The Final model was combination of datasets 1 and 3. Dataset 2 was only twitter posts which were too different to news headlines to include into the model.

img

Exploratory Data Analysis

I didn't realize how unconventional this project was going to be. It was my first NLP project and I had learnt somethings were important:

  • Stem and lemmetise your corpus
  • remove stopwords

It turned out that both stemming/lemmetizing and removing stopwords damaged my models predictability. This threw me initially, however, I imbraced the oddity as a feature of the dataset and persued the line of inquiry.

Presence of Cardinality

img

70% of all clickbait articles in my corpus contained cardinal numbers. This made a lot of sense to me. The number of "listicles" online are growing. In addition, there are the "17 surprising facts about bald eagles you should know" type headlines.

Presence of Stopwords

img

This was more surprising. Clickbait tends to have 20% more stopwords in each title than normal headlines. Rather than being a hinderence to the model, in this instance, stopwords were actually a feature.

Difference in Sentiment/Tone

I wanted a qualitative sense of the vocabularies to motivate further analysis. Headlines are supposed to be sentiment neutral, however looking at the normal headline word cloud versus clickbait, we definitely see differences in overall tone which is reflected by the near mirror image sentiment polarity scores between the classes.

Non-Clickbait WordCloud Clickbait WordCloud
img img

img

I believed I could leverage these class disparities using a Bag of Words approach. A Bag of Words is where you treat the words themselves as the features of the model. If the corpus is large enough, a bag of words approach is capable of capturing almost all of the features in corpus[5](The Unreasonable Effectiveness of Data). You then look at the corpus statistics. For instance, how many times does the word "frequency" appear in corpus. You can then take that and ask how many times frequency occurs in each class and you begin to get a sense of which words are more common to subclasses. For this study, I used Term Frequency-Inverse Document Frequency (Tf-idf) which is simply the number of times a word appears within a document weighted by the inverse of frequency of documents that word appears in within the corpus.

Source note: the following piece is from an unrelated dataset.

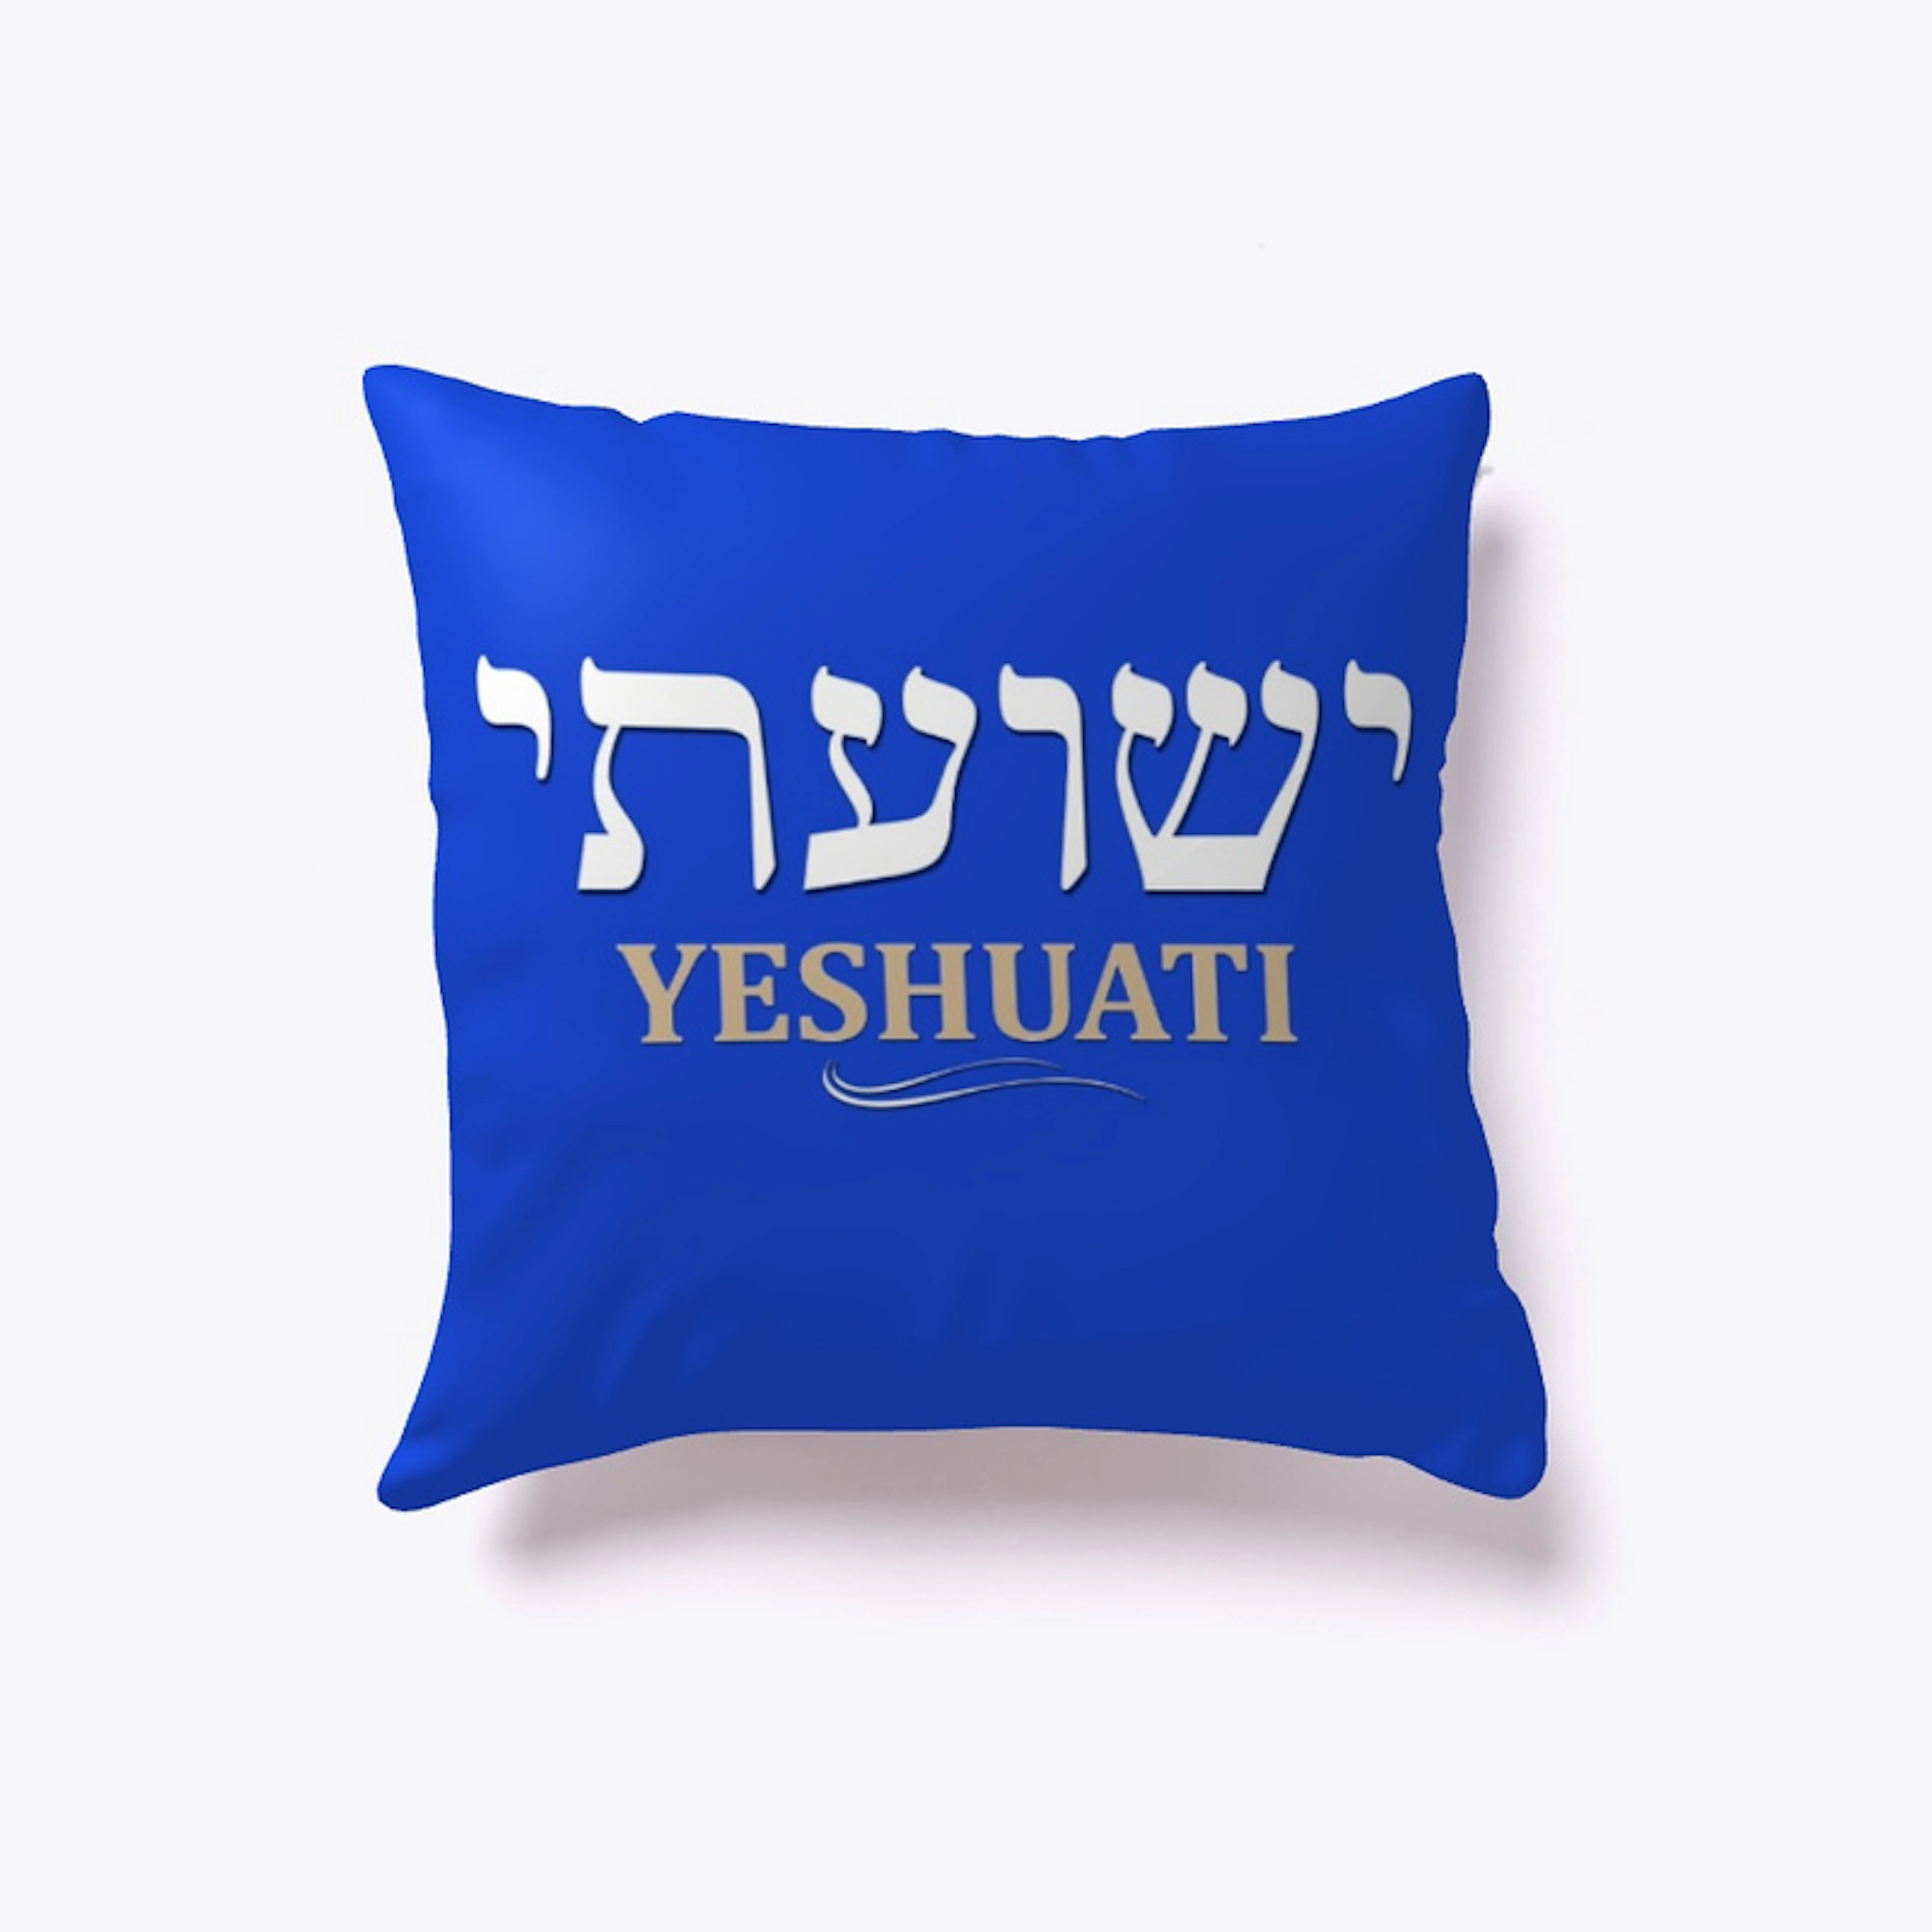 YESHUATI (My Salvation) Hebrew - Pillow

The Disadvantage to bag of words is that during tokenization, you produce as many features as there are words. If you increase the n_gram range, which is the number of successive words that can be linked together into a token, you can create truly enormous matrices.

My matrix that I used had over 50k rows and over 300k columns so it was very important that I use a statistical model that can evaluate quickly. To that end, I decdied to use Naive Bayes and Logistic Regression. I did try other models, SVM, random forest, XGboost, but none were as good in the current contexct as naive bayes.

The Model

I tried a variety of models but only two satisfied the business need of being light weight and fast as well as performing well on my performance metrics:

  • Logistic Regression
  • Multinomial Naive Bayes

Evaluation

img

My baselines were all in the low to mid 80's for f1 score. Compared to the dummy classifier set to "most frequent" where it simply guesses the dominant class everytime. I was able to increase that number to 0.88 using cross validation and adjusting the categorical smoothing (Laplace Smoothing).

img

I decided that I was unable to improve on this model on this dataset. If I were to exclude all of that data from dataset 3 I would have acheived an f1 score of 0.98 on the testing data. However, I wanted to expose my model to as much information as possible. It is a weaker model over all but hopefully will show less variance when it comes to putting the model into production.

Discussion and next steps

For my next steps, I would like to improve this model. Though I do have a strong, MVP its performance may not be good enough to put into production. One in ten misclassifications is potentially too high. We see upwards of hundreds of headlines everyday and we would notice a misclassification of a few dozen. To that end, I want to Explore alternative modeling techniques like feature unions. Feature unions are similar to a voting classifer but they combine the output of one model with a collection of engineered features. Features unions have been very successful in combining sparse and non sparse data together which is my exact usecase.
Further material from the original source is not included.